Dale still following behind me I scurry to get up and out the bottom door. I am crying and not really sure of the injuries as my adrenaline is so high at this point. Anger takes over and the second I am on my two feet again my mouth starts to unleash with everything and anything I could think of screaming at the top of my lungs.

Our neighbor was a teacher and happened to be leaving around the same time. He must have heard the commotion as I was pretty sure the whole neighborhood heard my mouth. He called the cops. Still screaming I hear the sirens getting closer. Dale yells at me to get upstairs in the house. I run upstairs and go straight to the bathroom. Looking back at myself in the mirror I see the gash on the right side of my face and 2 huge purple spots that were blood blisters.  I continue to cry and walk to my room.

Sitting in my room I hear Dale talking to the cops. “We were just having an argument about, a teenager being a teenager. We are fine officer and I apologize for the commotion this morning, he says”.  The neighbor must have gotten a glimpse of my face and gave the officers more detail than Dale knew. They asked to speak to me. Immediately I retreat to the pattern that I learned. I place my hands over my face.

The cops come in and start to ask what happened. I explain that we were just arguing, and it wasn’t a big deal. They asked what the argument was about, and I told them it was about a necklace. When it was really about my mother needing to be a victim and get high all weekend repeating over and over to Dale how bad I made her feel and how much I hurt her. When you mix that with them coming down from their binge this is what you get.

The officer told me to move my hands away from my face. I said no I am fine! They demanded me to remove my hands from my face or they would have to do it for me. I slowly lower my hands. The female officer radios to her partner to bring her the camera. She starts taking pictures of my face and I hear them reading Dale his rights as they cuff him.  The officer asks where my mother is. I told them he dropped her off at work.

Dale is brought down to the police station to be booked, my mother gets the call and finds a ride home. I hear her pull up and the officer explains to her what happened. I sit there waiting for her to come running in and embrace me and comfort me. The cops leave, and she walks down the hall. She calls out my name and I quietly say in here.

She walks into the room and I look up at her and she looks furious. I am completely baffled. I do not even know how to respond to this reaction. She immediately starts to yell at me that this is my fault. I just don’t ever know when to shut up and now that she has to go bail him out I won’t be getting anything for my birthday. All she was worried about was what he was going through.

Following an arrest for child abuse or assault to a minor comes an investigation from The Department of Child and Family Services. They were at the house within 48 hours. Within those 48 hours, I was shut out. I was treated as a stranger in my own home by my mother. She would throw it in my face that they had to pay bail, she had to miss work and now Dale would have to go to court and possibly jail for what I had done.

The social worker came to the house and began to interview all of us. They went over the police report and they read the witness statement from the neighbor.

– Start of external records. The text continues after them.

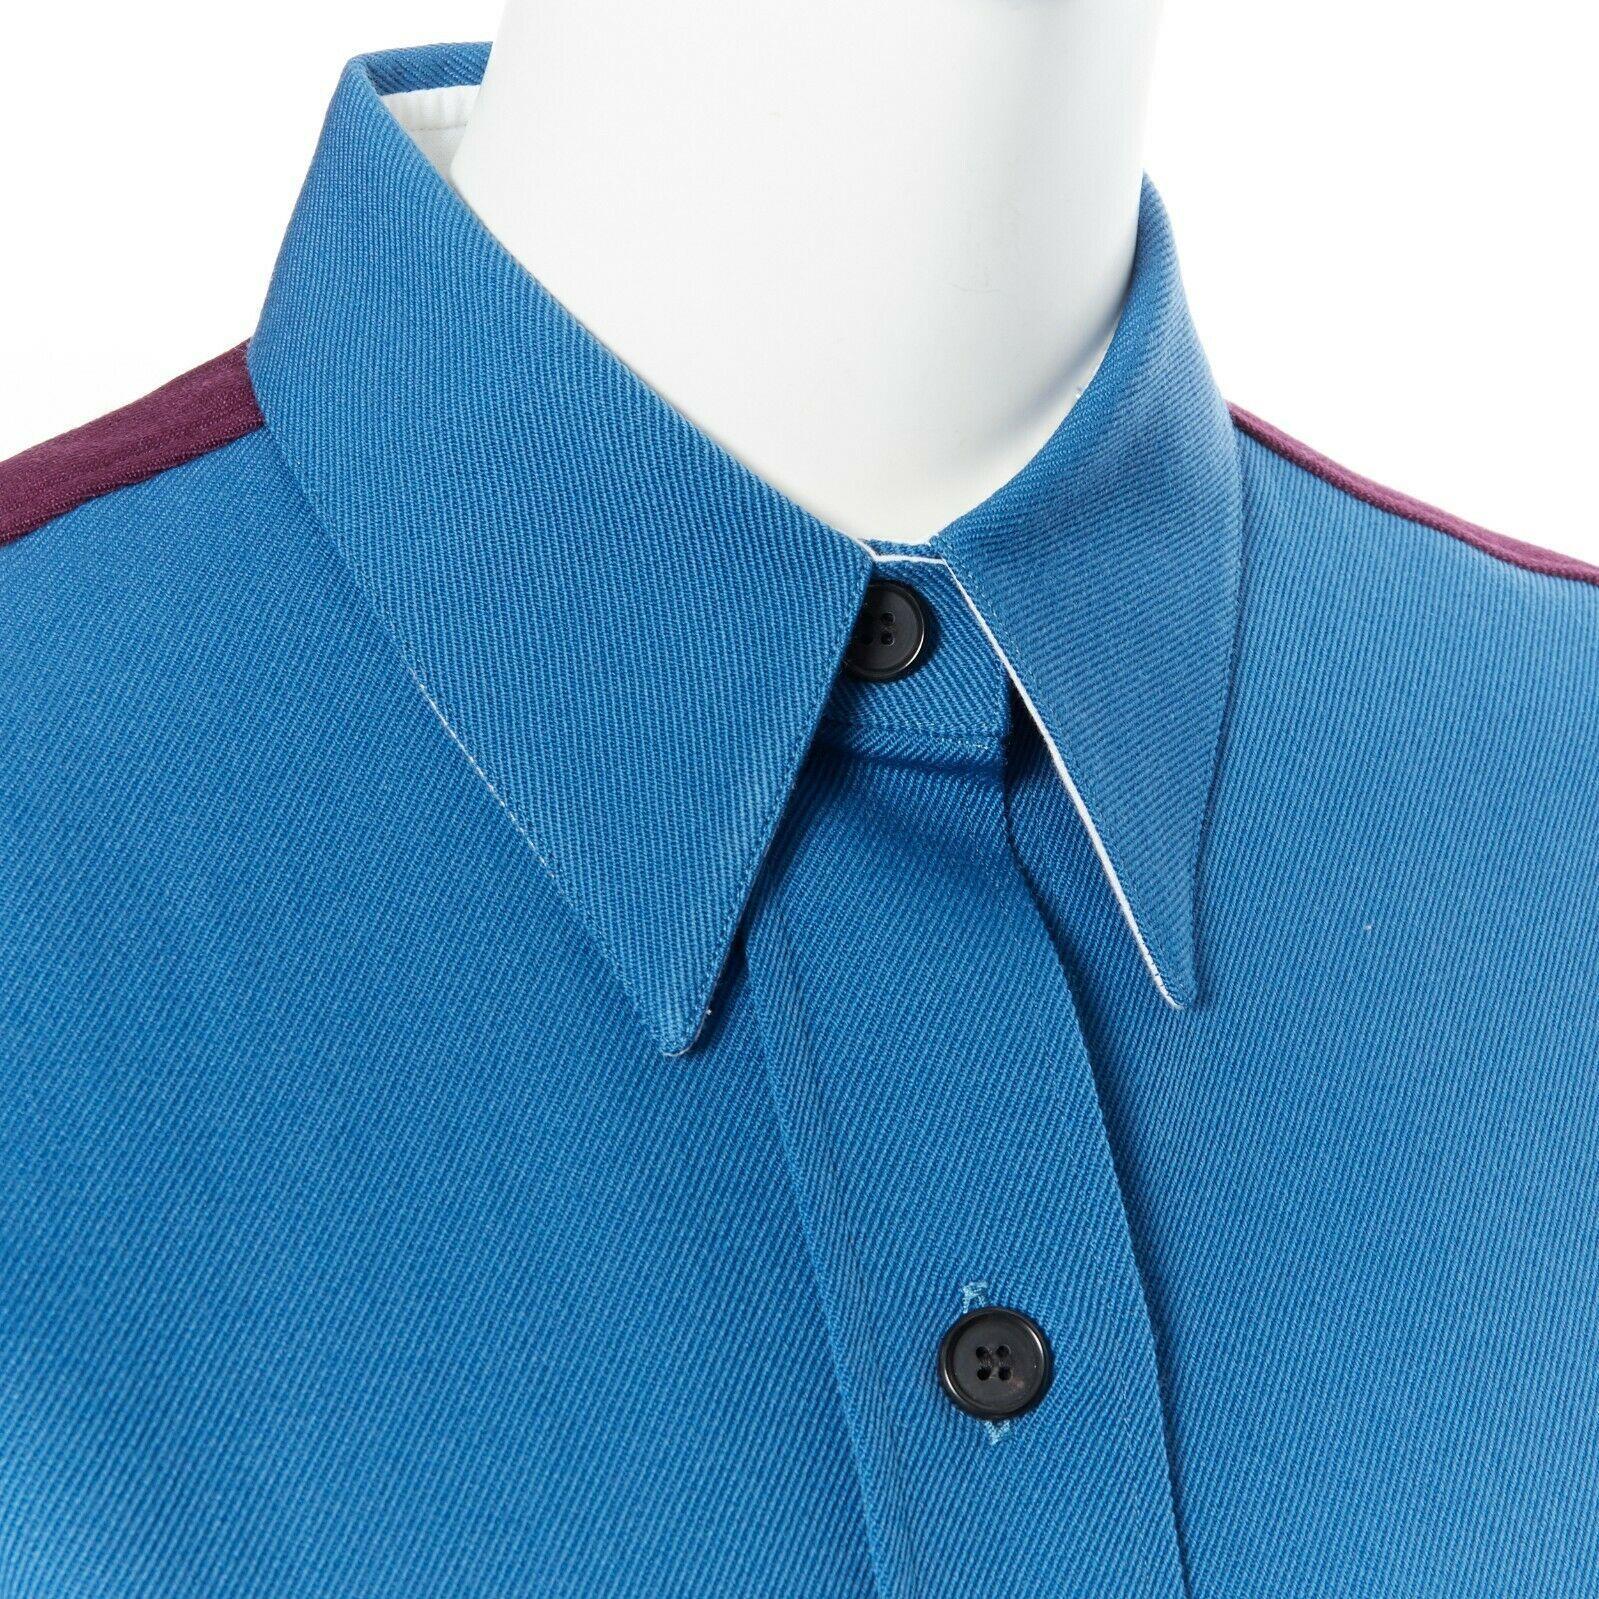 runway CALVIN KLEIN RAF SIMONS AW17 blue purple wool diner uniform shirt IT38 XS
Designer: CALVIN KLEIN205W39NYC BY RAF SIMONS
Model / Season: Fall / Winter 2017
Material: wool
Color: blue, purple
Pattern: plain
Description: Diner uniform shirt.

With Dale’s history of violence, they required that he sign up for counseling. They pulled my mother aside and explained to her that because Dale was not my real father and they were not legally married we could not be in the same house together. She turned and looked at me and looked at Dale. Then they both looked at me.

I made the call to my best friend’s house. I spoke to her mother and explained that I needed somewhere to stay for a little while. Nancy immediately told me I could come to her home for as long as I needed. I could not be more thankful. Nancy had known things were not stable in my home, but she never knew to what extent as I tried to keep my family secrets just that, Family Secrets.

This was a game changer for mine and my mother’s relationship. Things would never be the same again. I would never look at her the same. And any little bit of respect I had for her was now diminished.  This was the beginning of the end.